Virtue #1 What’s the 411 on 529s?

I was asked about moving 529s the other day and I wanted to address that here.

What is the 529? has a wealth of information on this topic, but specifically describes it as

an education savings plan operated by a state or educational institution designed to help families set aside funds for future college costs. It is named after Section 529 of the Internal Revenue Code which created these types of savings plans in 1996.

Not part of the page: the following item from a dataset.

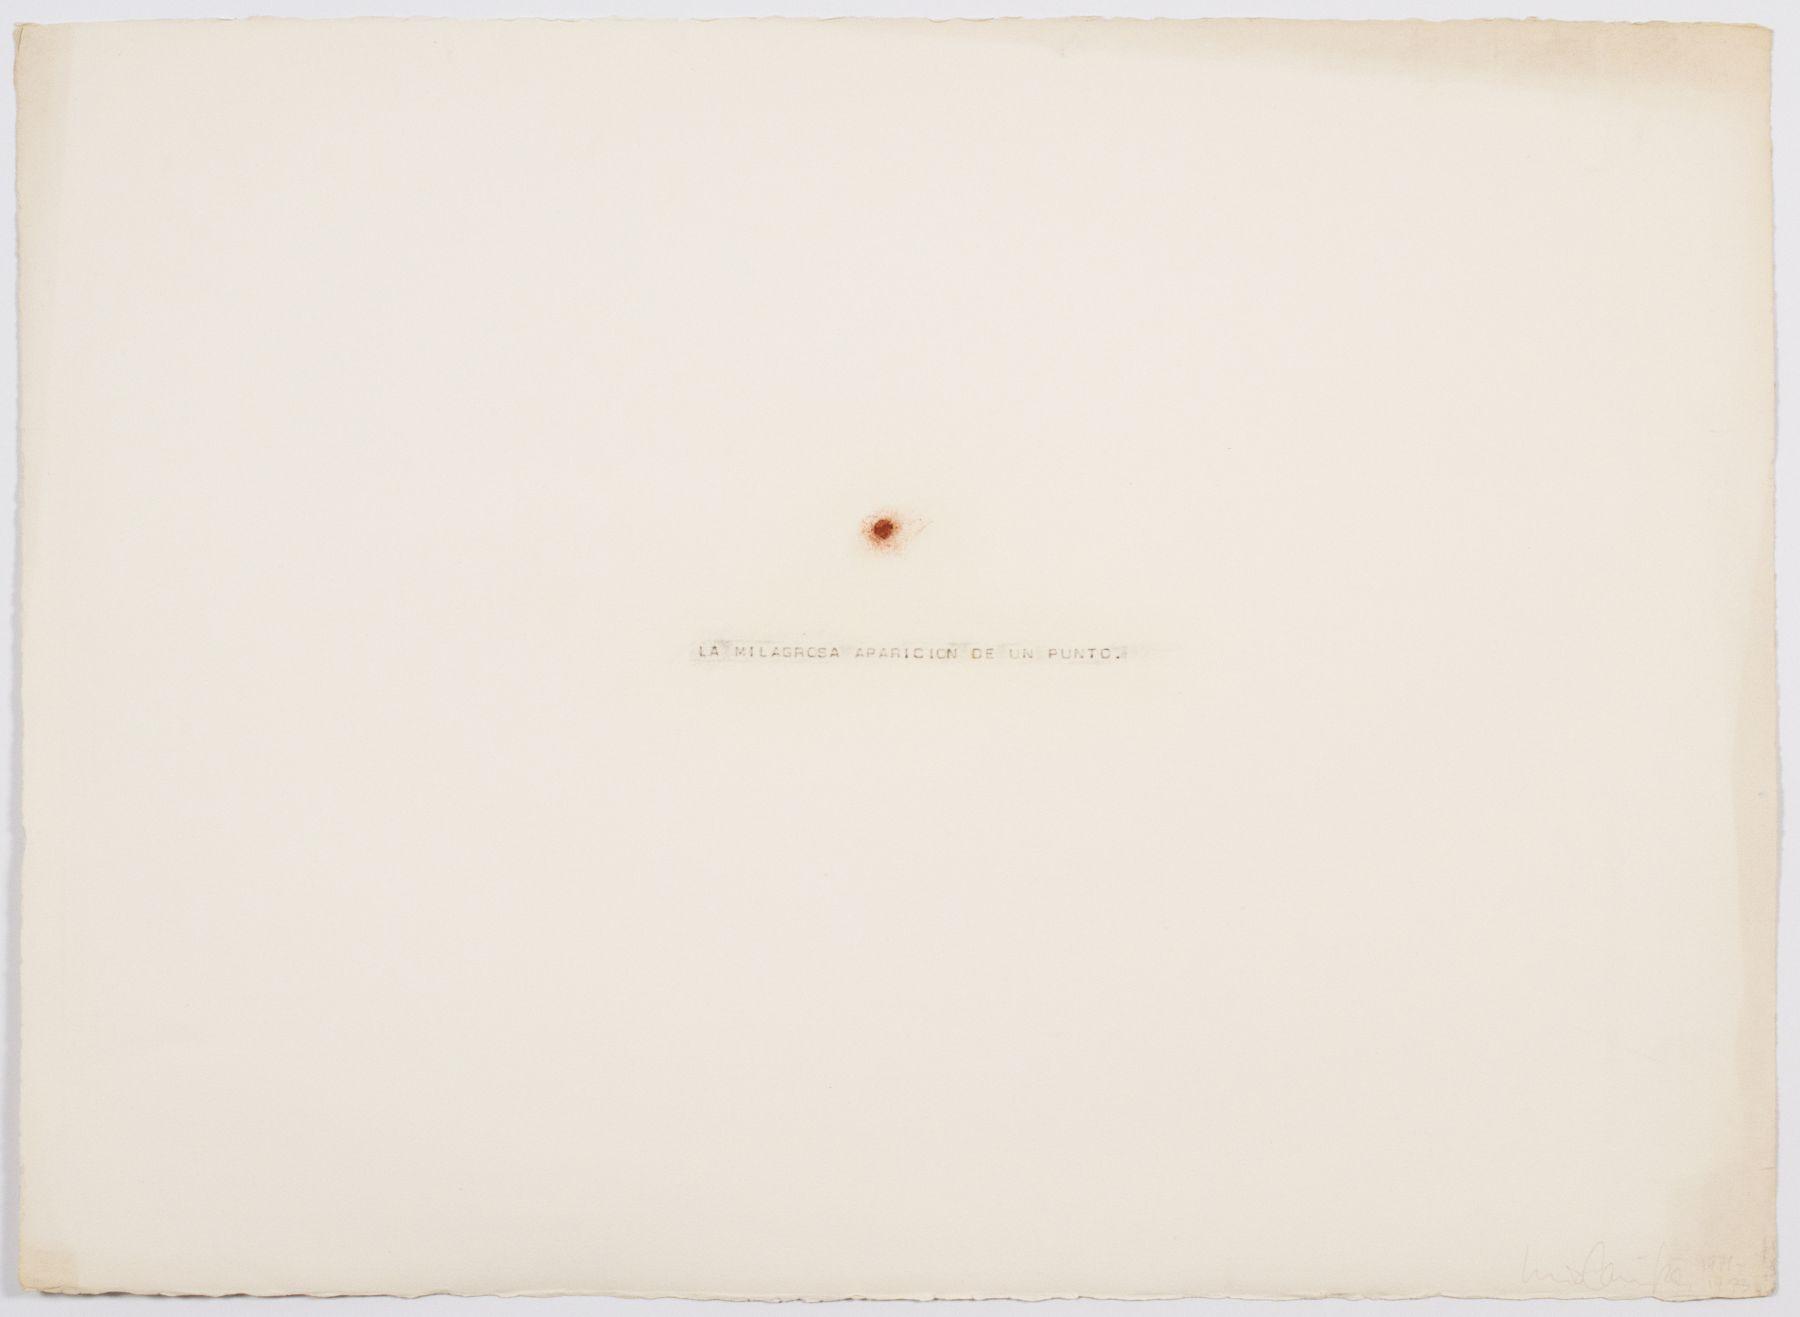 Luis Camnitzer, La Milagrosa Aparicion de un Punto, 1971-73

• Nationwide college-saving vehicle offered through states but maintained by outside investment companies
• Contributions –
o no federal tax deduction
o may offer full or partial state tax deduction or credit
o Automatic contribution option through linked bank account or payroll deduction plan
• Earnings growth – tax free
• Withdrawals –
o Qualified – tax free when for college expenses – room, board, tuition, books
o Non-qualified – incurs income tax and 10% penalty tax
• Donor control
• Max contribution $14000 per individual per year (annual gift tax exclusion)
• Investment choice changes twice per calendar year
• Rollover into another 529 one time within a 12-month period
• No income limits, age limits or annual contribution limits
• Lifetime contribution limits vary by plan range from $235,000 – $500,000

Types of 529s
There are two types of 529 plans: prepaid and savings plans. Prepaid plans allow you to prepay for private colleges and savings plans are plans with contributions that are invested in mutual funds or exchange traded funds.

Rollover options
You are allowed to rollover any or all of your 529 account from your current plan to a different plan only once in a 12-month period, therefore avoiding the transaction being treated as a non-qualified distribution, and paying federal tax and a 10% penalty on earnings. Keep in mind that if your child does not choose to go to college you may change the beneficiary of the plan to another one of your children or you may use the funds for your own college expenses.

To Begin the Process
1. Do YOUR research
2. Open a new 529 plan
3. Complete the rollover contribution form available from the plan you wish to move your money into and the plan administrator of your new plan will coordinate the transfer of funds directly from your old 529 plan
4. Request a distribution from your old 529 plan, and within 60 days redeposit the amount into the new 529 plan, notify the new plan that the contribution is a rollover, and provide a breakdown between principal and earnings to the administrator
Most 529 plan participants stay with their plan, so rollovers do not occur often; and in addition to the paperwork the administrator may charge a fee to process the rollover. Recapture tax is another disadvantage that you may occur if your originally took a deduction and reside in a state that requires recapture of that benefit upon the rollover of funds to another state’s plan.

When to Switch?
• Lower cost plan with higher net returns
• In-state tax deduction on contributions if rollover treated as a contribution
• Manager, investment option change or termination of plan
• Continued poor performance
• Better service expectations
• Plan too restrictive – owner change difficulty
Switching can be done either with a financial advisor’s help or online.

529s are one of many ways that moms and extended family can support their loved little ones if college is an option that they want to pursue. We will address part 2 of 529s, other college funding resources, and gifting options in the weeks to come.